妻が家にいないからといって、育ちざかりの中学生と小学生3人分の洗濯物をためるわけにはいかない。
山のような洗濯物を放り投げ、洗濯機のスイッチを押した後、夕食の支度をする。子どもたちが帰ってきたら、学校で配られた配布物に目を通す。
今週末の授業参観についての連絡だった。妻が入院中で、クラスが別々の双子はどうしたらいいのだろうと考えながら、数年後には生まれてきた赤ちゃんの授業参観にも妻と参加する日がやってくる。想像するだけで、いまから胸がいっぱいになってしまった。
赤ちゃんが生まれてから、あっという間に1カ月が経った。
準備不足だった肌着やベビー服は妻が退院してから買いそろえ、ベビーカーは誰に譲ったのか思いだせず、まだ買っていない。
「そろそろお宮参りに行かないとね」
「来週の土曜日は仕事になりそうだから、日曜日にしようか」
「うん。双子のお宮参りの時は雨だったから、次の日曜日は雨が降らないといいね」
「そういえば雨で大変だったな。今度は晴れるといいなぁ」
小学生になる双子のお宮参りをした日は、その季節には珍しいくらいの大雨だったことを思いだした。
抱っこひもの中で大泣きして、神社の中でどんな雰囲気だったのか記憶にない。
僕が忘れないようにカレンダーの日曜日に丸をかくと、隣にいた妻が日付けのそばに小さなてるてる坊主と朝顔のイラストを書きそえる。そのちょっとしたしぐさが可愛くて、思わず妻を抱きしめようとしたとき、寝ていたはずの赤ちゃんが急にぐずりはじめた。
「ずいぶんタイミングがいいわね。」
そういって妻が赤ちゃんを抱きかかえると、小さな手の平をひろげて眠そう笑い、妻もつられて笑顔になる姿がやっぱり可愛くて、僕は妻と赤ちゃんを抱きしめた。
週末の日曜日。願いは無事に天に届いたようで、朝から雲ひとつない晴天だった。
神社につき受付を済ませると、宮司の後ろを家族で1列になって、本殿へ続く廊下をゆっくりと歩いて拝殿にはいった。
厳粛な雰囲気の中でも、赤ちゃんは妻に抱かれながらスヤスヤと眠っている。
「これから初宮参りの御祈祷を始めさせていただきます」
和太鼓の重たい音と、宮司の低い声が響きわたり、空気がピンとはりつめ、少し背筋がのびた。
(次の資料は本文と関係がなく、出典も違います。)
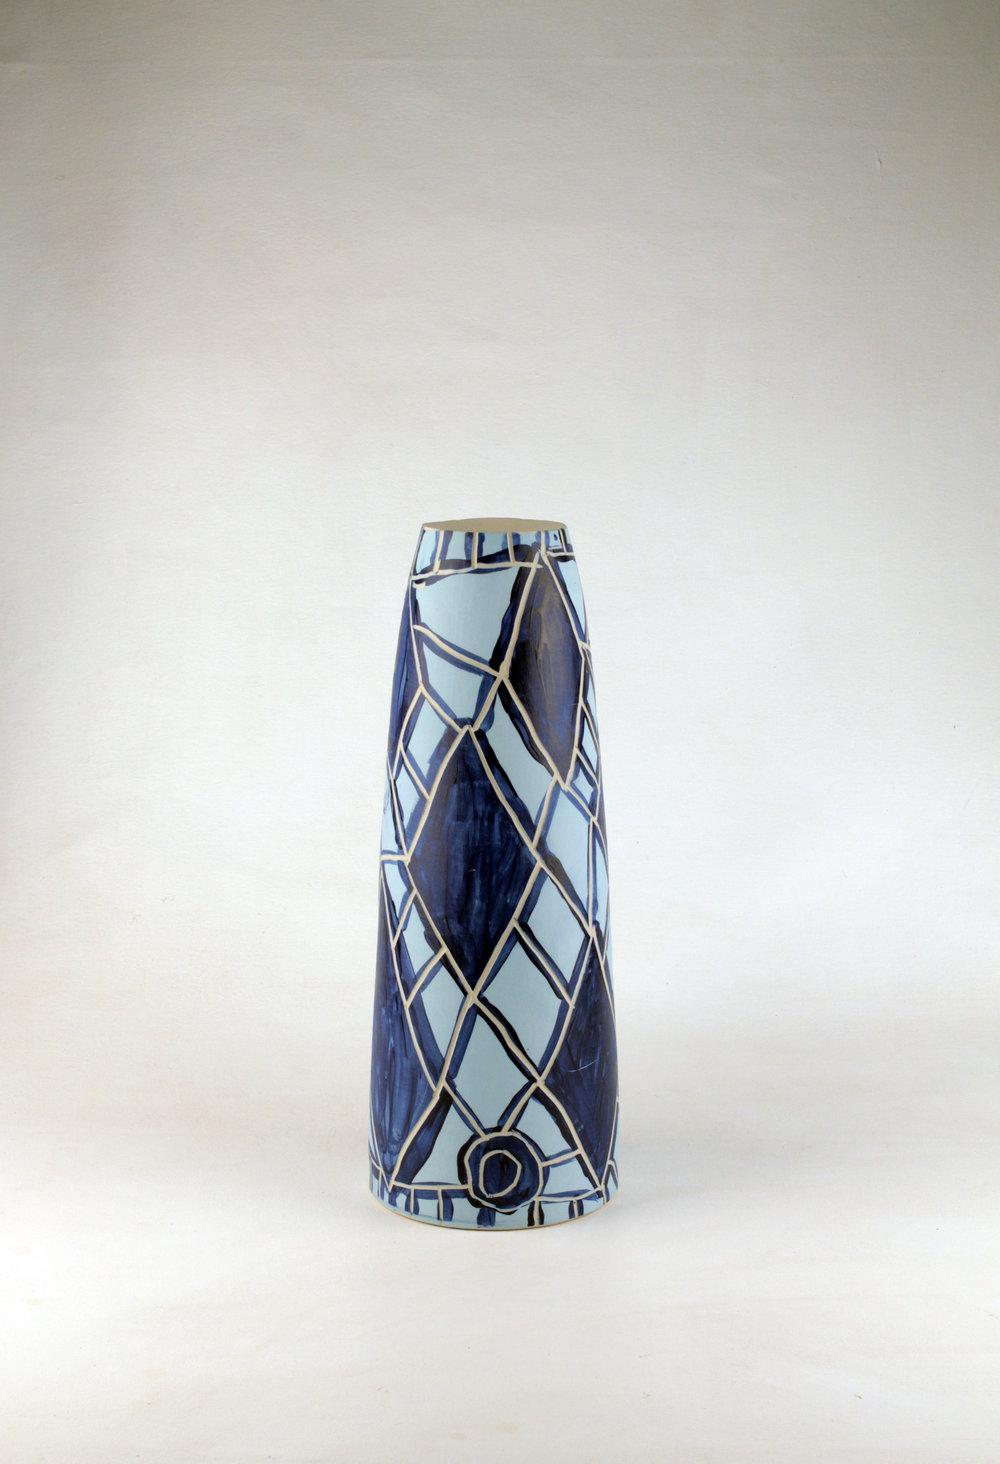 PEPAI JANGALA CARROLL  Walungurru, 2016   430H x 165mm Stoneware Catalog #522C-16   EMAIL INQUIRY
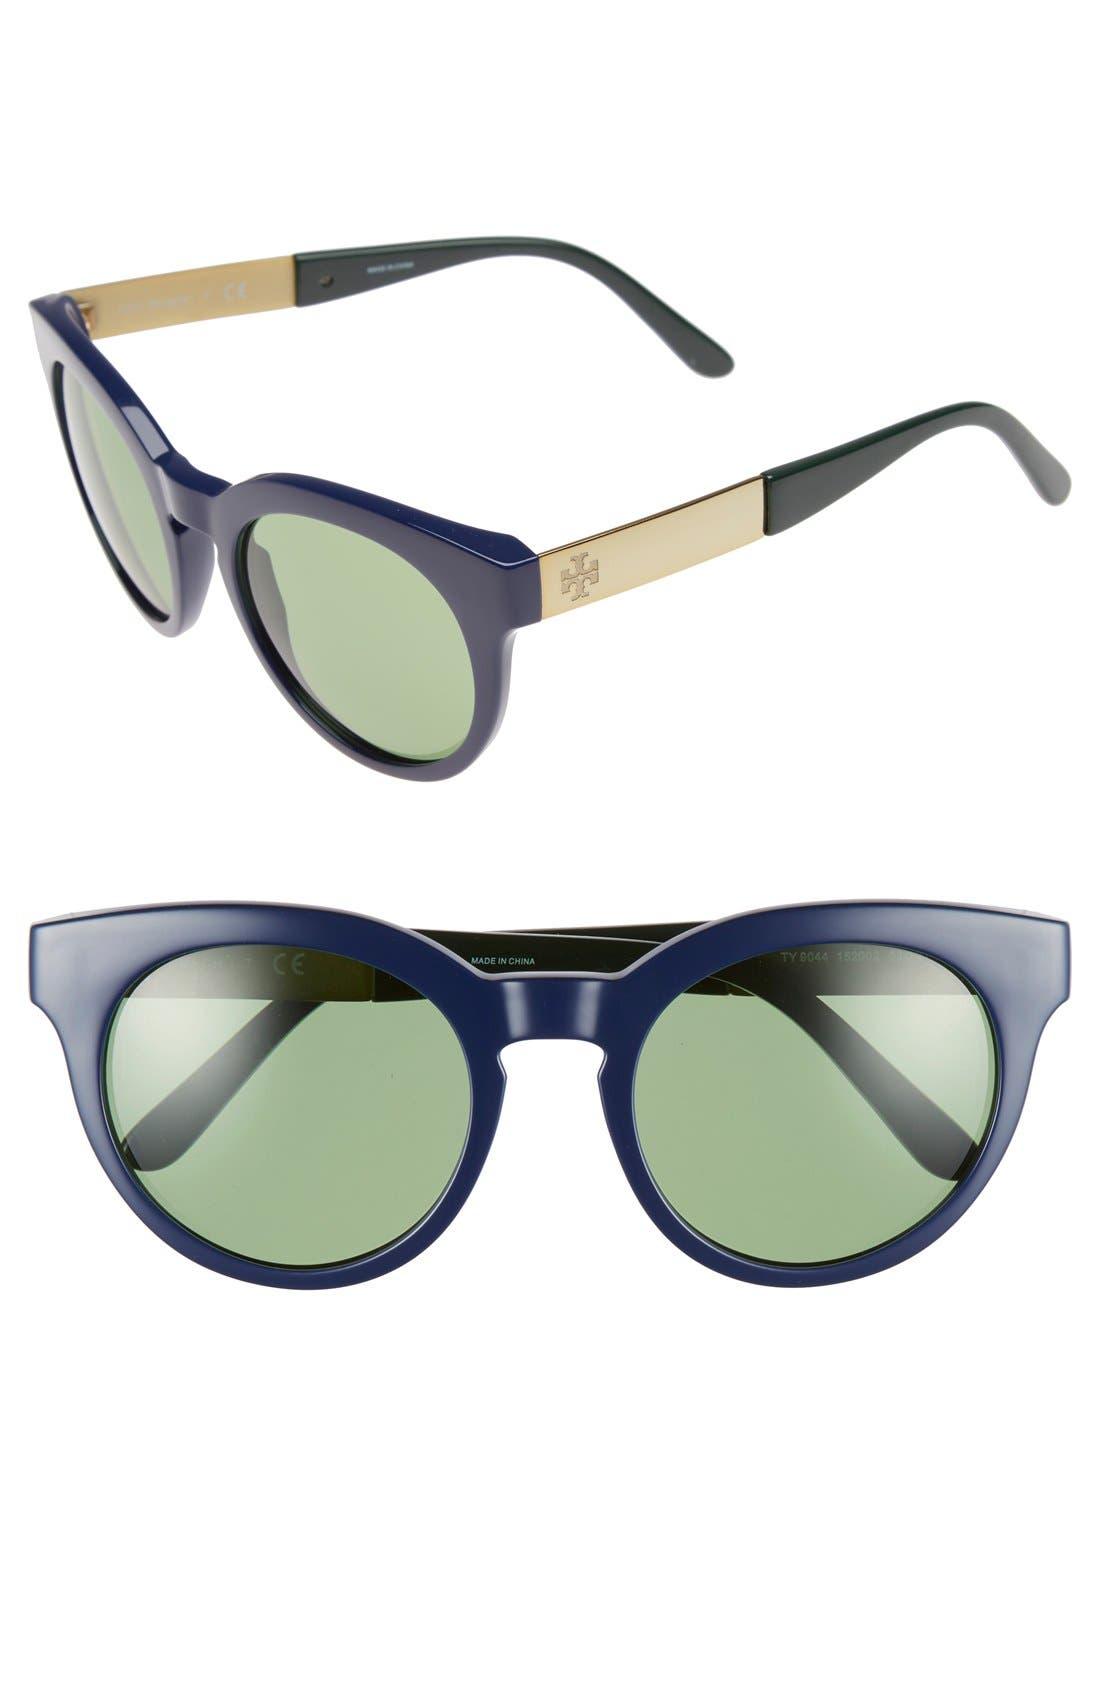 Alternate Image 1 Selected - Tory Burch 52mm Retro Sunglasses

僕の真後ろには長男がすわっている。彼の目にはどう見えているのだろうか。
いつか彼も、父親になる日がきっとくる。
父親同士でビールを飲む日がきっとくる。
その日まで、子どもたちを支え続けよう。
もう1度背筋をのばしながら、僕が守るべき命がまた1つ増えたのだということを改めて実感した。